(Beginning of SUPPLIED INFORMATION)

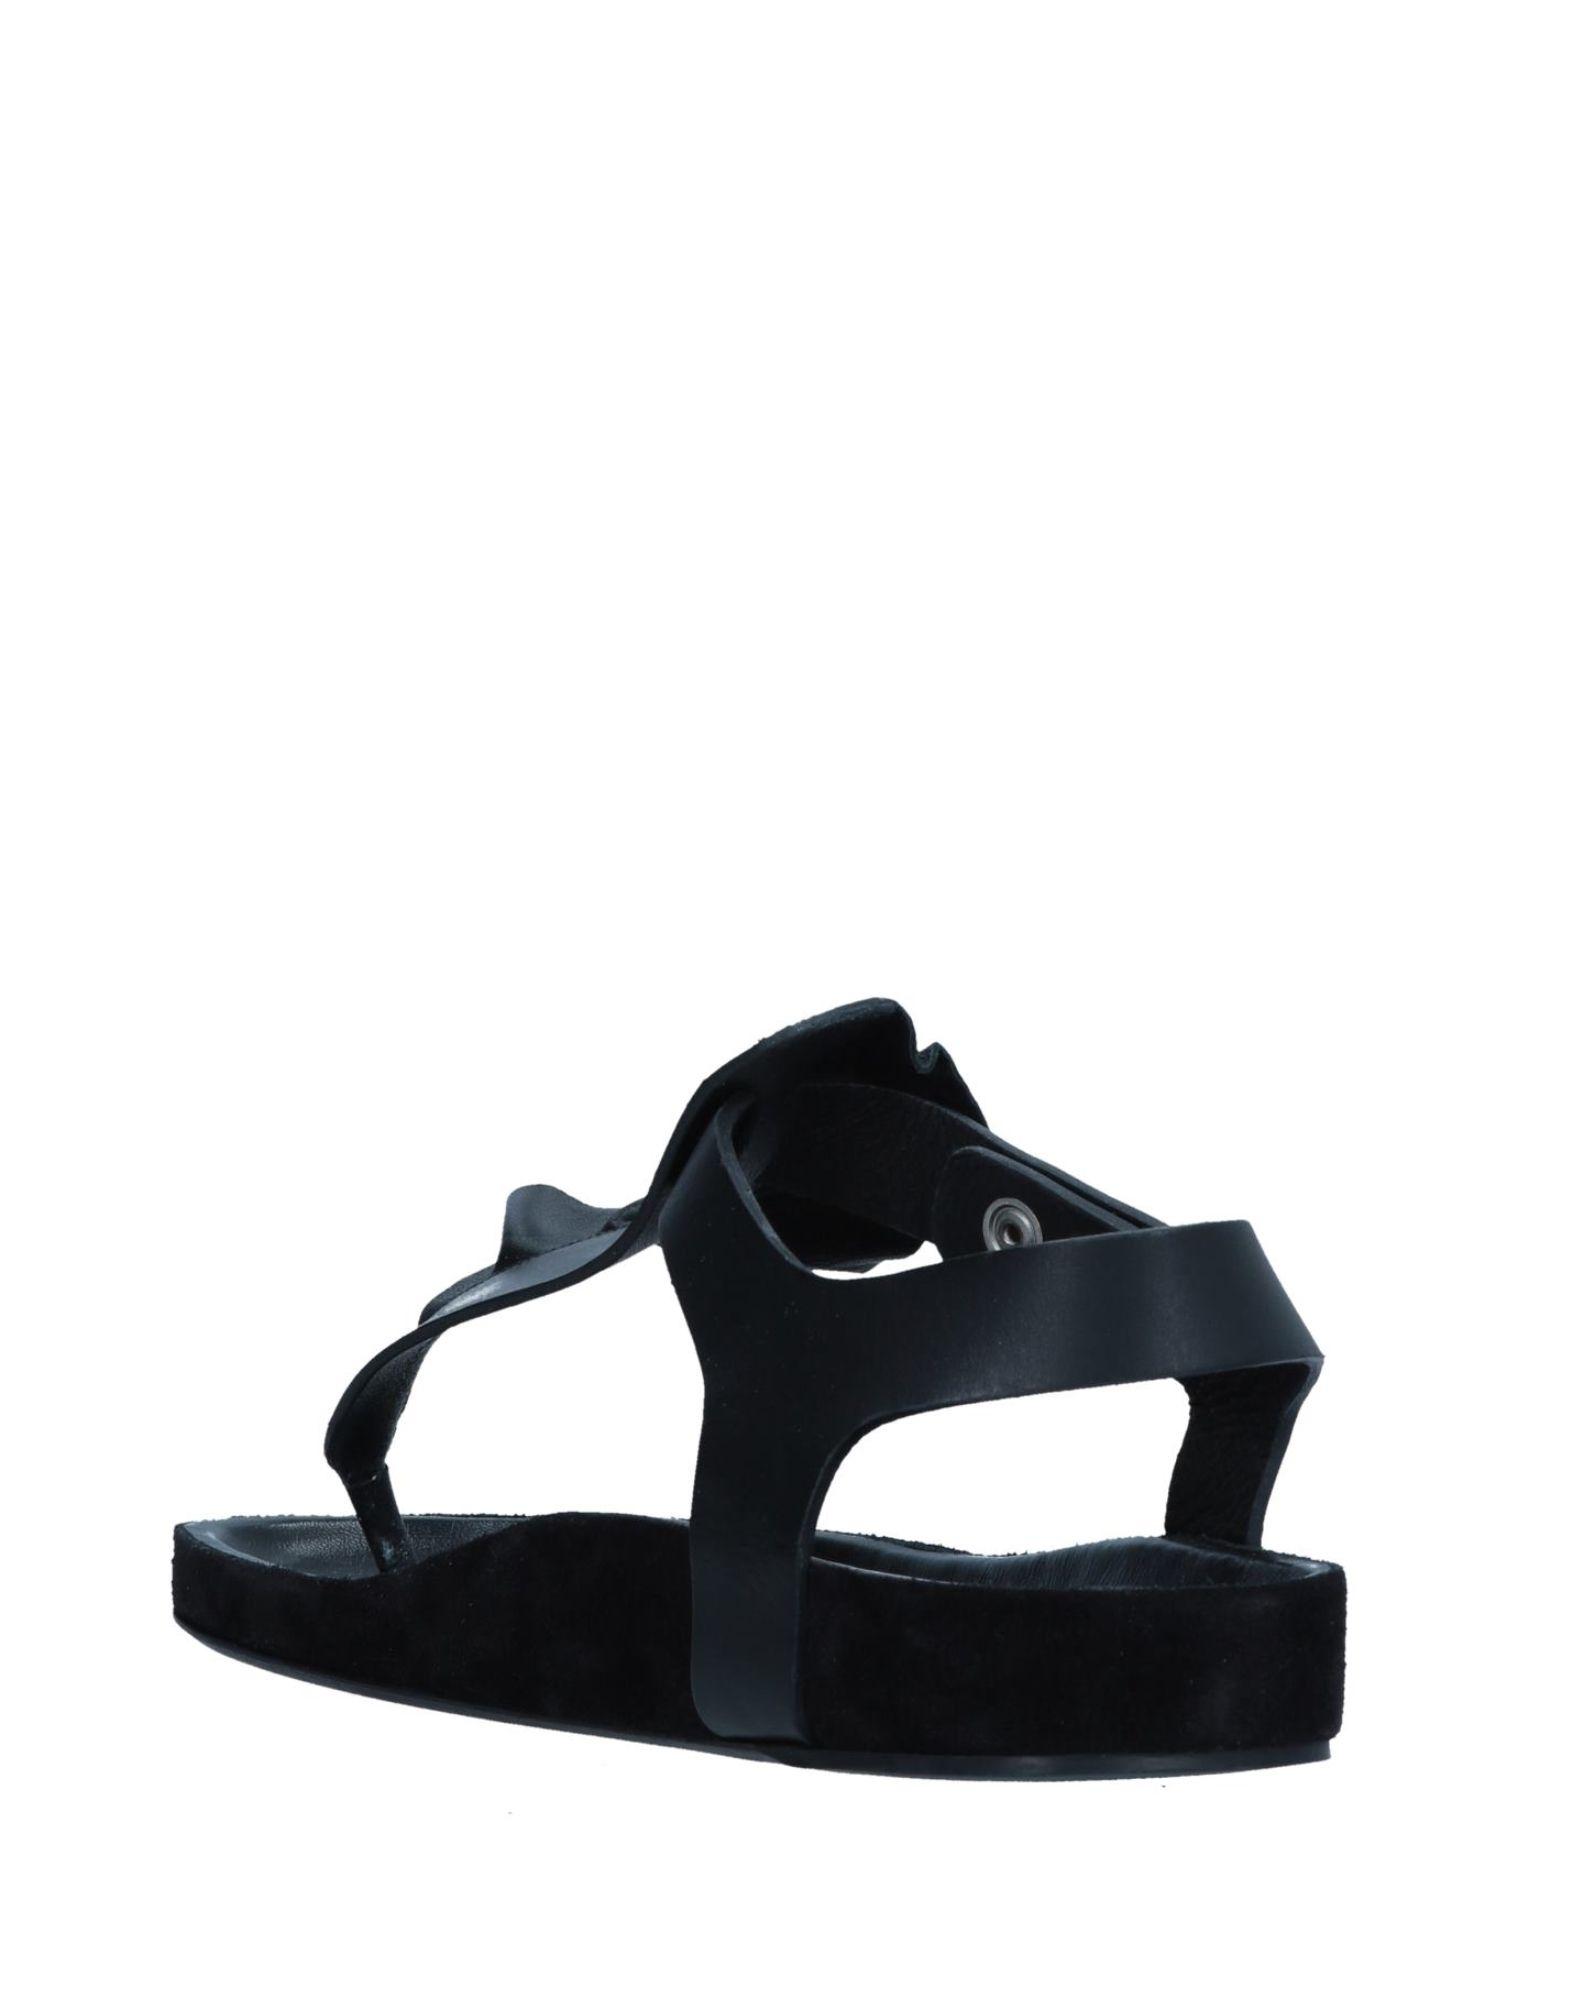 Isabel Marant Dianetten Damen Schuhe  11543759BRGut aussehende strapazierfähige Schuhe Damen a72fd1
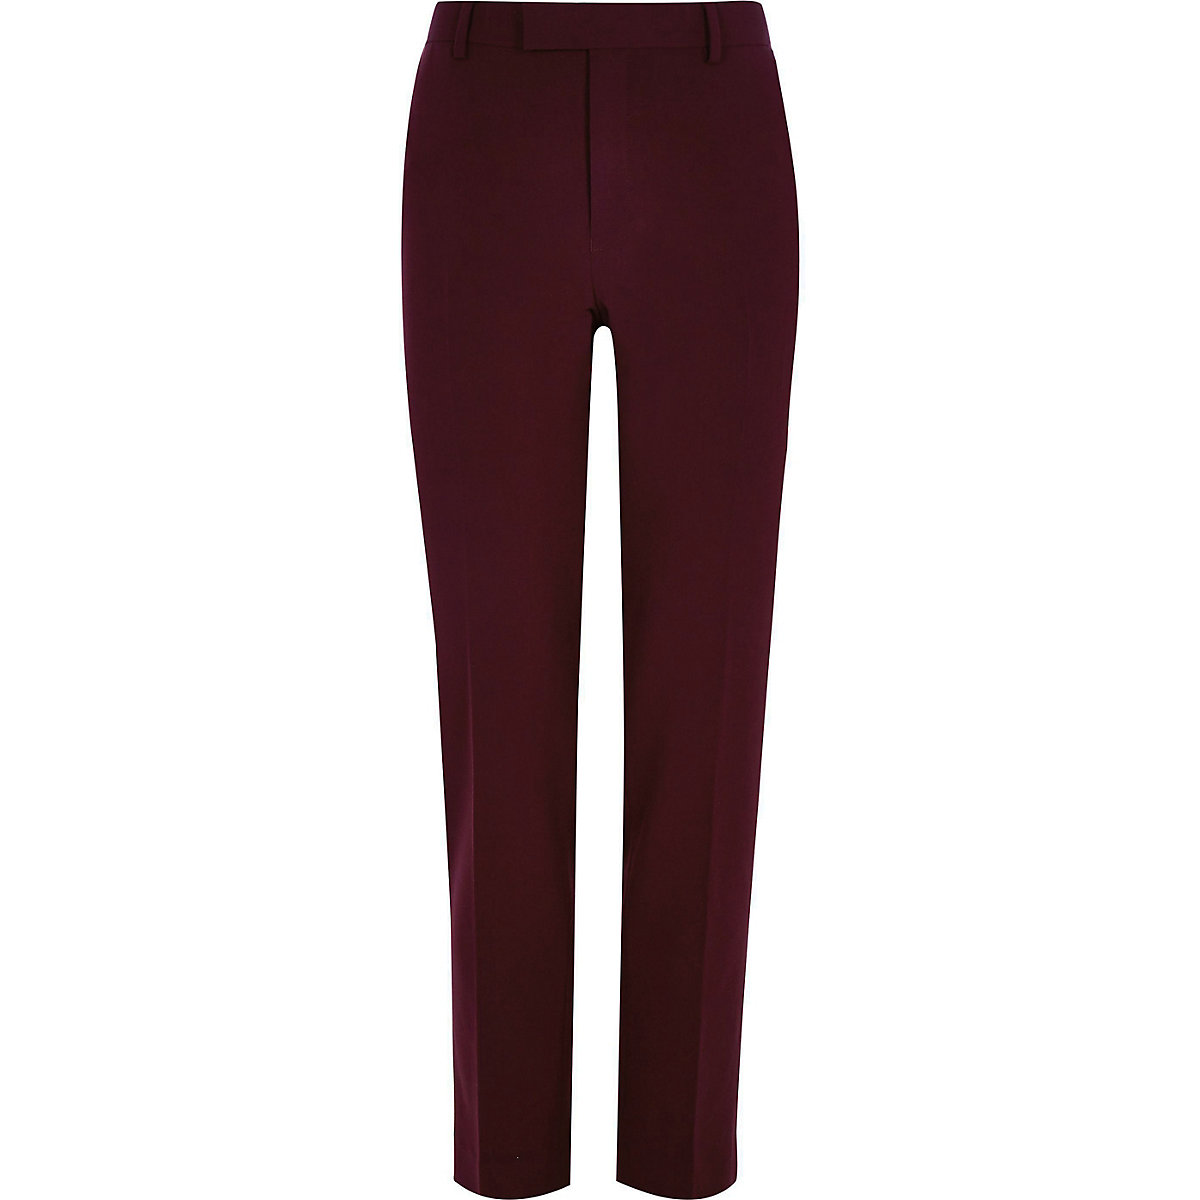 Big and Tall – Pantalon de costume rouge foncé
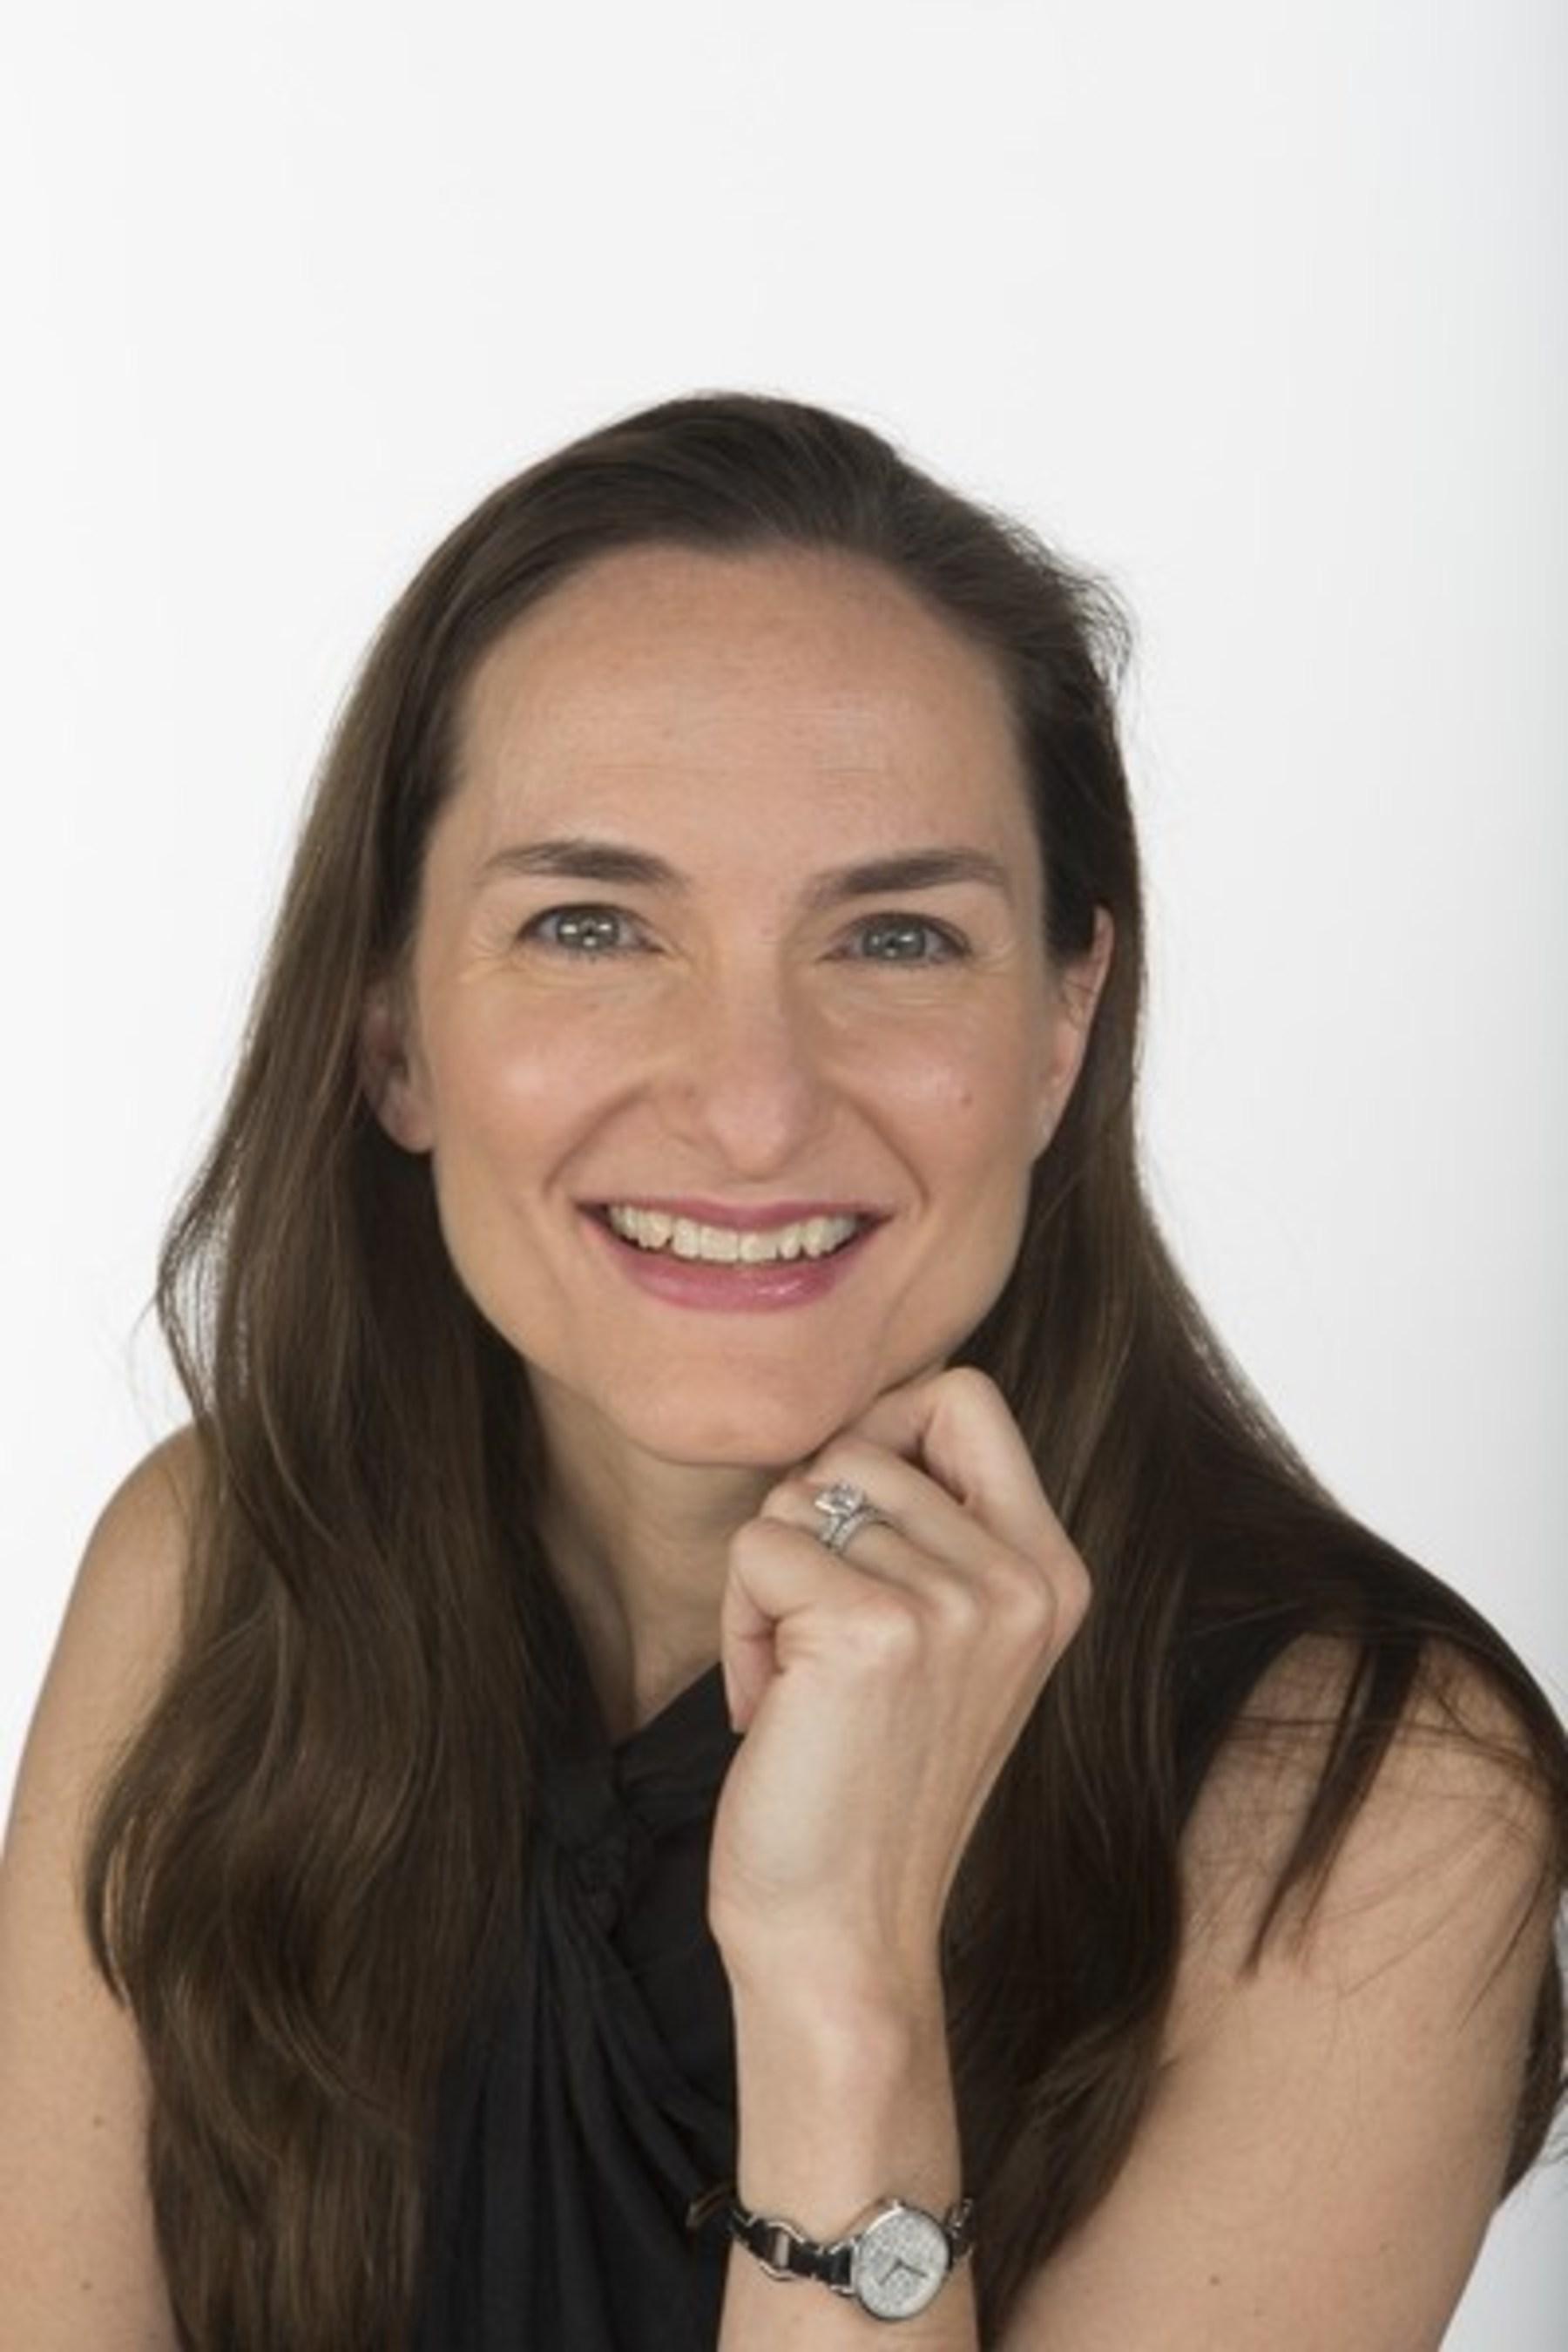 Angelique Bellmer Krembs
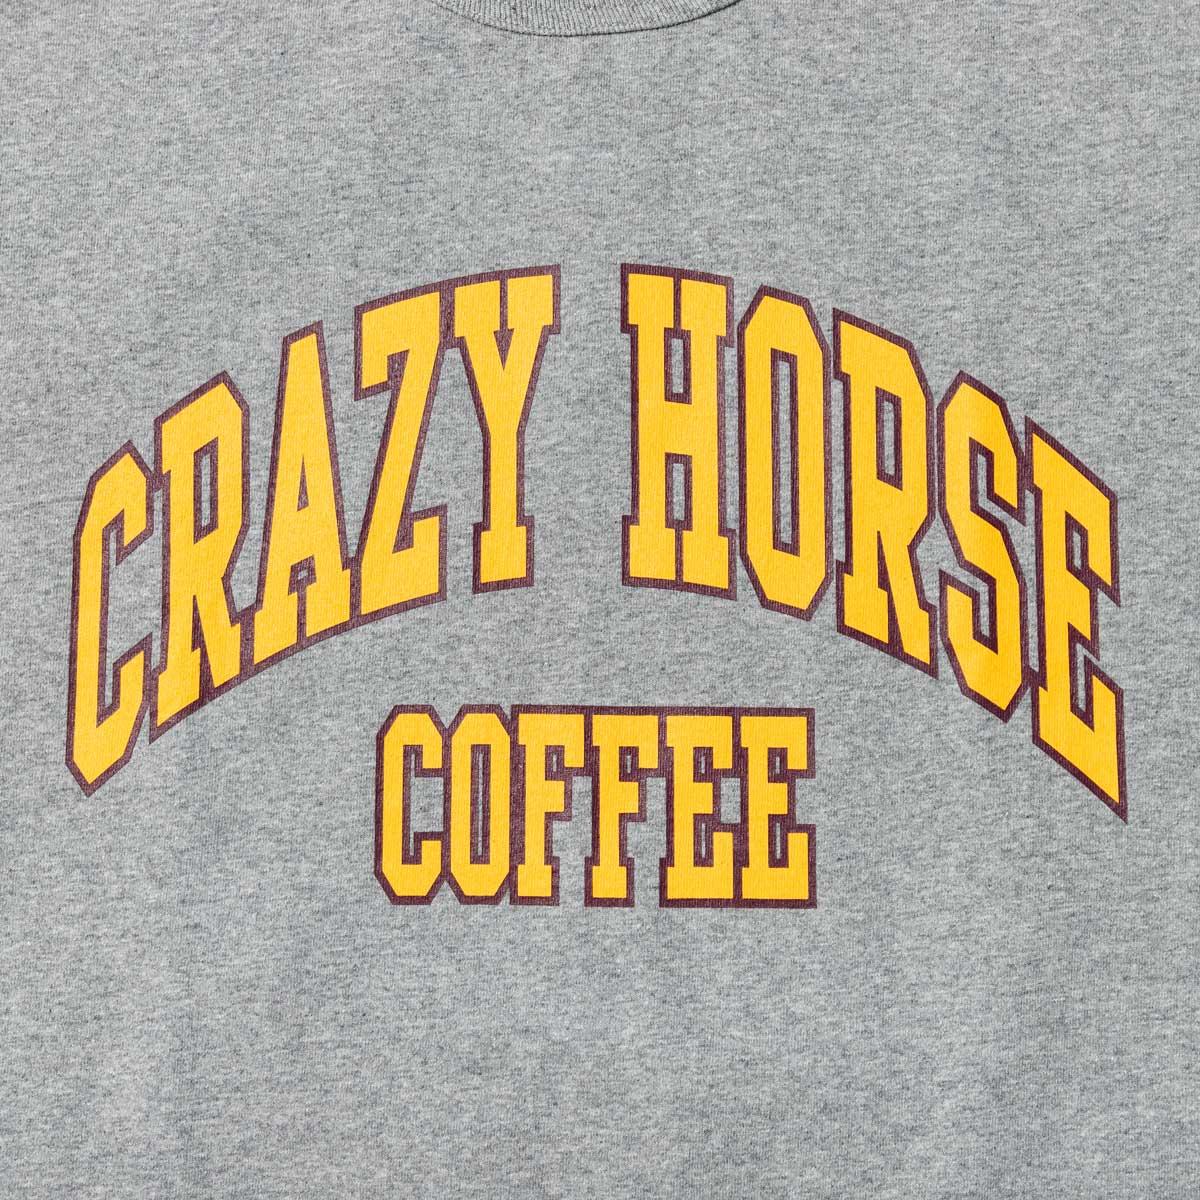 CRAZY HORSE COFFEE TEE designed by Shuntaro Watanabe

(End of SUPPLIED INFORMATION)

#### [YOUR OBJECTIVE]
Everything from the line with "Angelique Bellmer Krembs" through the last line above must be repeated exactly, except the pictures.

#### [PROBLEM SOLUTION]
 Angelique Bellmer Krembs
 CRAZY HORSE COFFEE TEE designed by Shuntaro Watanabe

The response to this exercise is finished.